Hi all,
I have a search that runs over eventdata from a website that runs over a few weeks of data. It should return (among other things) the average number of pageviews per user and the standard deviation of this number. I want to create a summary index of this data. I am using two transforming commands to achieve this. The final one of these I replace by its si- variant to create the summary index. However, the results are not the same as when I just run the original search (over the same time range) against the raw data.

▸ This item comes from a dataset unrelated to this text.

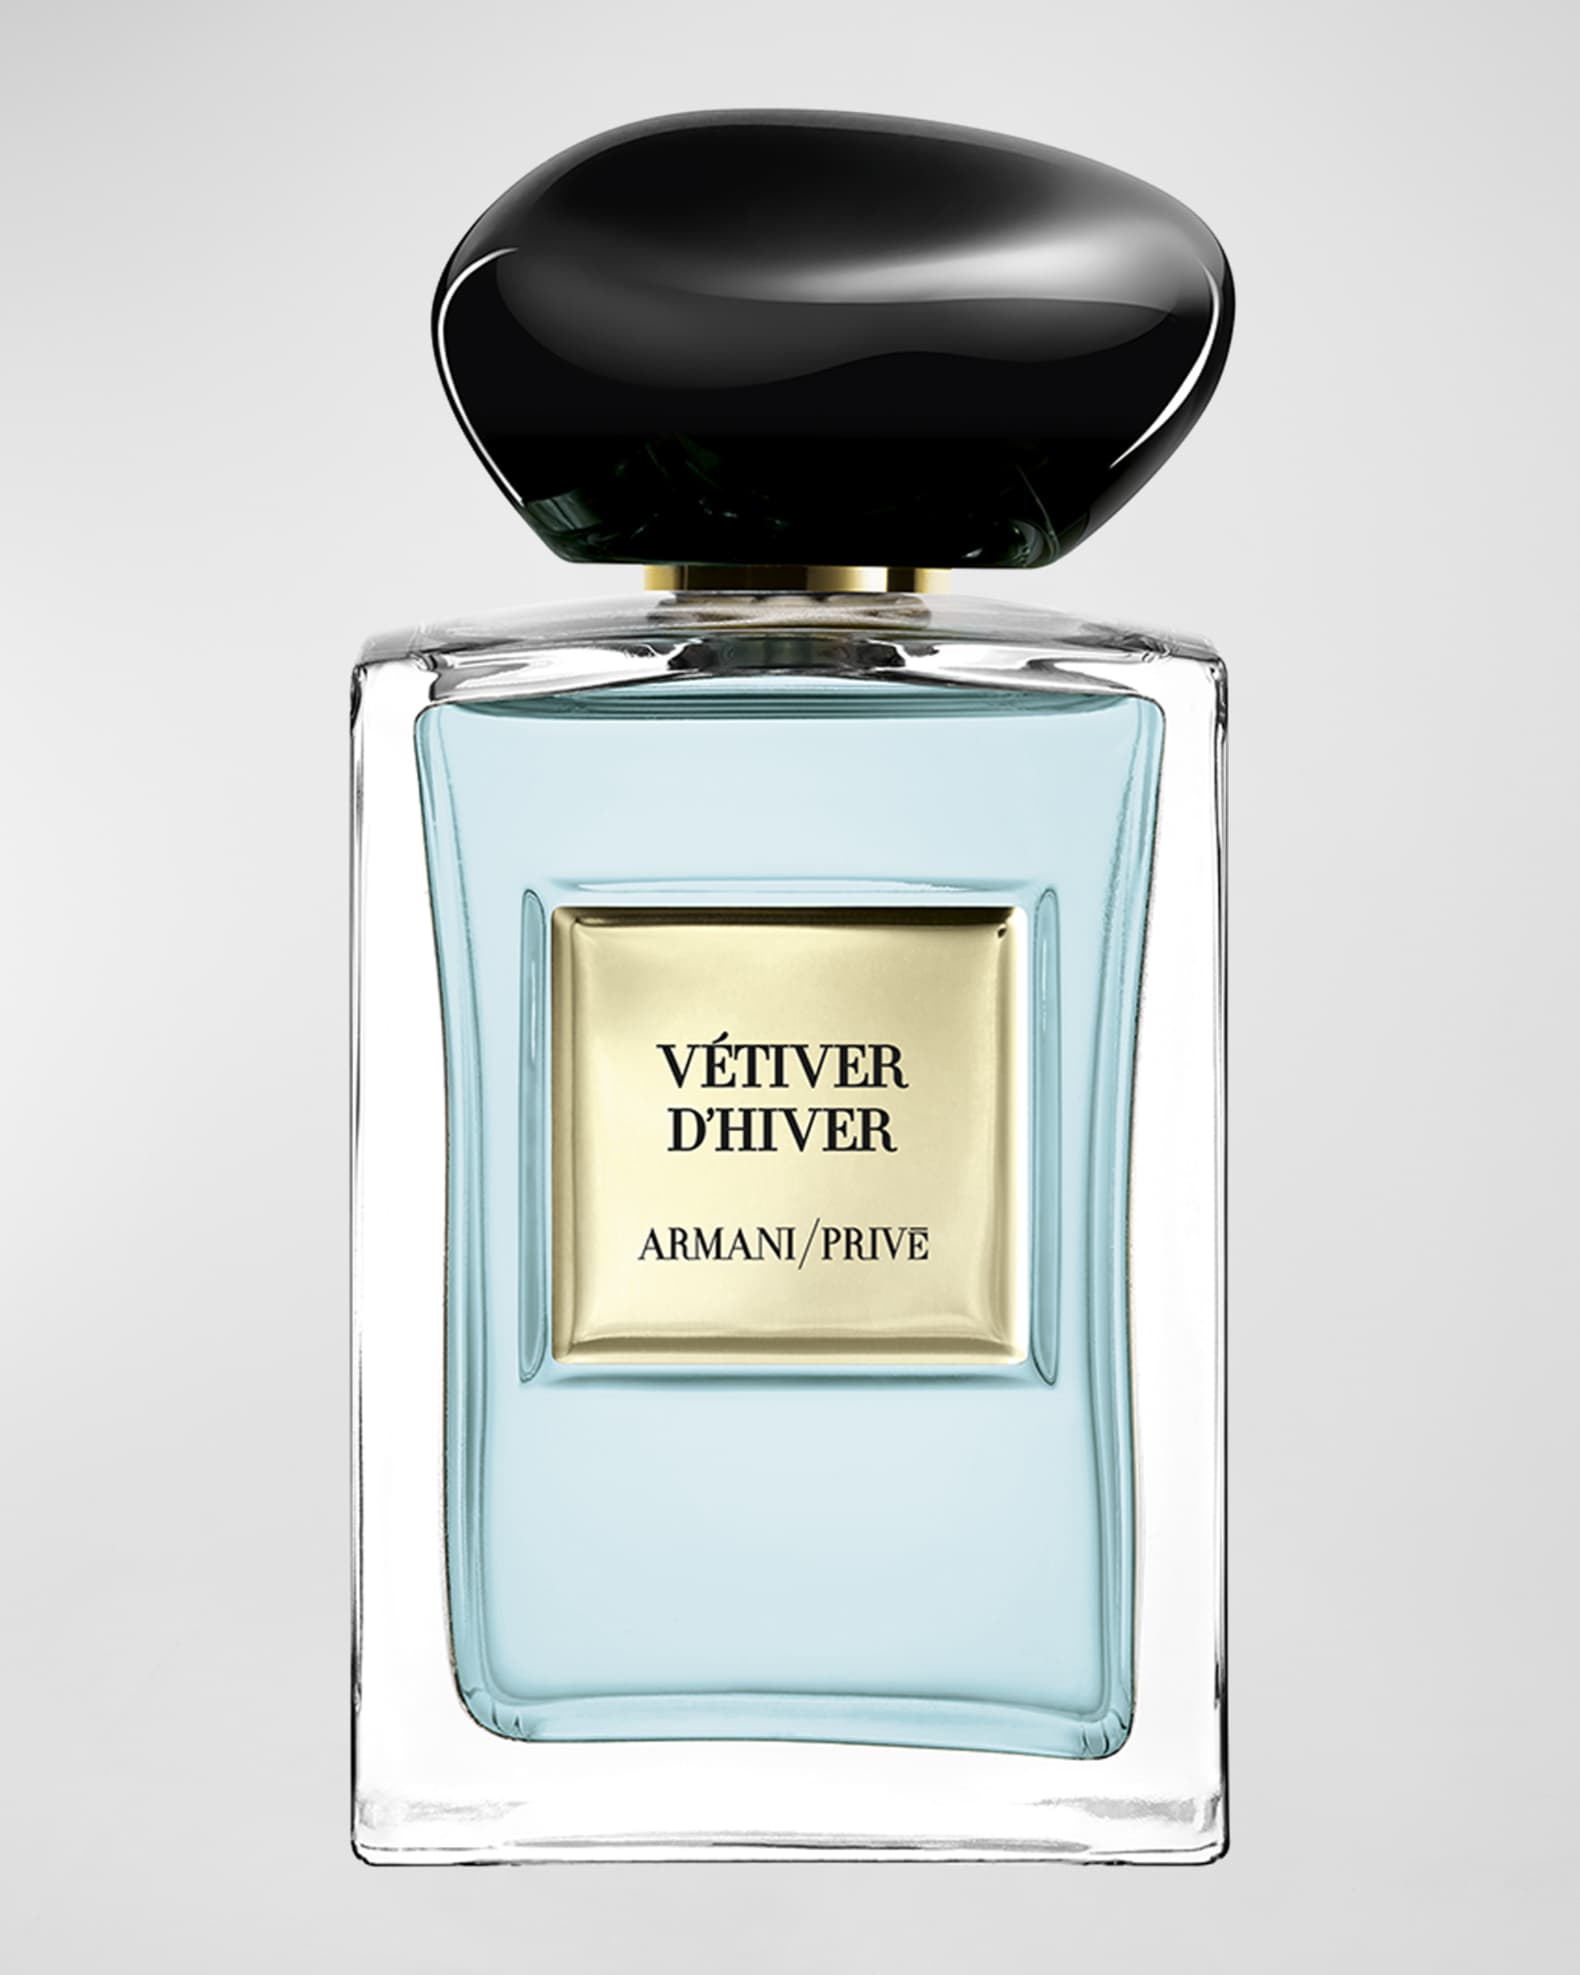 How to recognize a real Louis Vuitton - Fleur d'Hiver
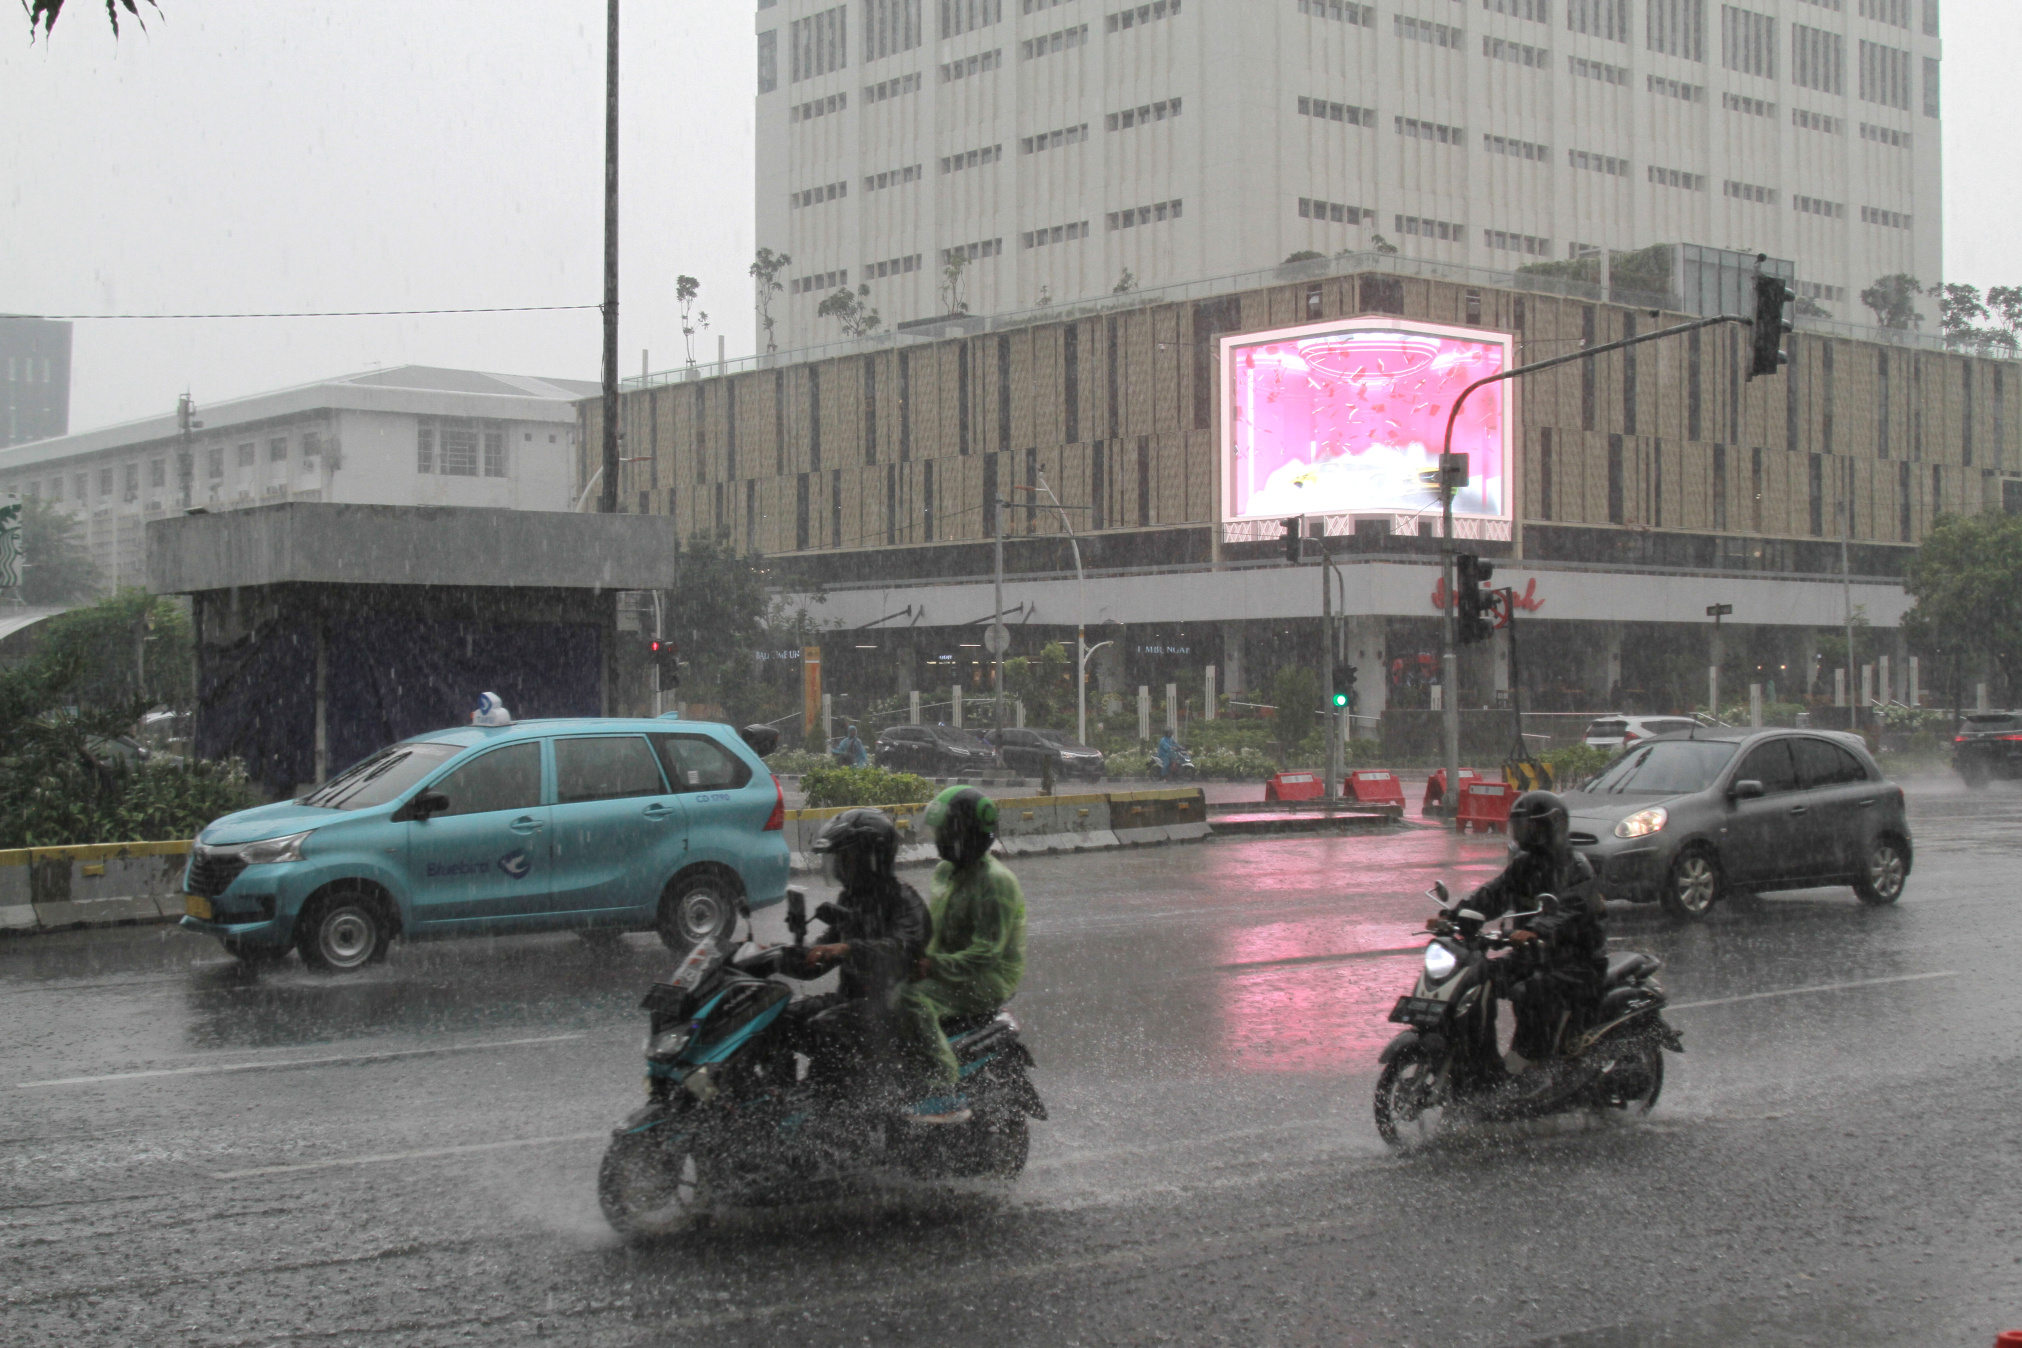 Jakarta mulai memasuki musim hujan menurut perkiraan BMKG musim hujan pada bulan kedua Oktober (Ashar/SinPo.id)

The search looks like this:
event="pageview"
| rename ...
| eval Variant = ... , deviceGroup = ...
| stats count as pageview_per_user by userID, Variant, deviceGroup
| sistats dc(userID) as users, sum(pageview_per_user) as pageviews, avg(pageview_per_user) as avg_pv, stdev(pageview_per_user) as std_pv by Variant, deviceGroup
In particular the total number of pageviews is way off when I use the summary index. I am running the search that populates the summary index over a time range: 1 august until -1h@h. It runs every hour.
What could be the problem here, could it be the use the two (si)stats commands?
By the way, I realize I could probably use report acceleration here, but I want to understand summary indexing better.
Best, Jacob
There is nothing wrong with two stats commands, as long as they are aggregating the information you want them to collect. Since the aggregation is running hourly, across a longer time frame, you need to add _time
into the first stats
in order to collect valid comparison data.
Do this across your longer time frame and see how well it matches a pull from your summary for the same time frame.
event="pageview"
| rename ...
| eval Variant = ... , deviceGroup = ...
| bin _time span=1h
| stats count as pageview_per_user by userID, Variant, deviceGroup, _time
| stats count as users, sum(pageview_per_user) as pageviews, avg(pageview_per_user) as avg_pv, stdev(pageview_per_user) as std_pv by Variant, deviceGroup
or
| sistats dc(userID) as users, sum(pageview_per_user) as pageviews, avg(pageview_per_user) as avg_pv, stdev(pageview_per_user) as std_pv by Variant, deviceGroup
looks like you are doing stats over stats.
try and arrange the data according to your needs and use the | collect
command to send the results to summary index.
read here more:
http://docs.splunk.com/Documentation/SplunkCloud/6.6.0/SearchReference/Collect
Thanks! Could you explain a little about why the stats over stats search I wrote gives the wrong results?
And should I just replace sistats by stats, pipe everything to collect, and schedule the search to run every hour (and should I still check "Enable" under summary indexing when I save the serach?).
Sorry for my ignorance.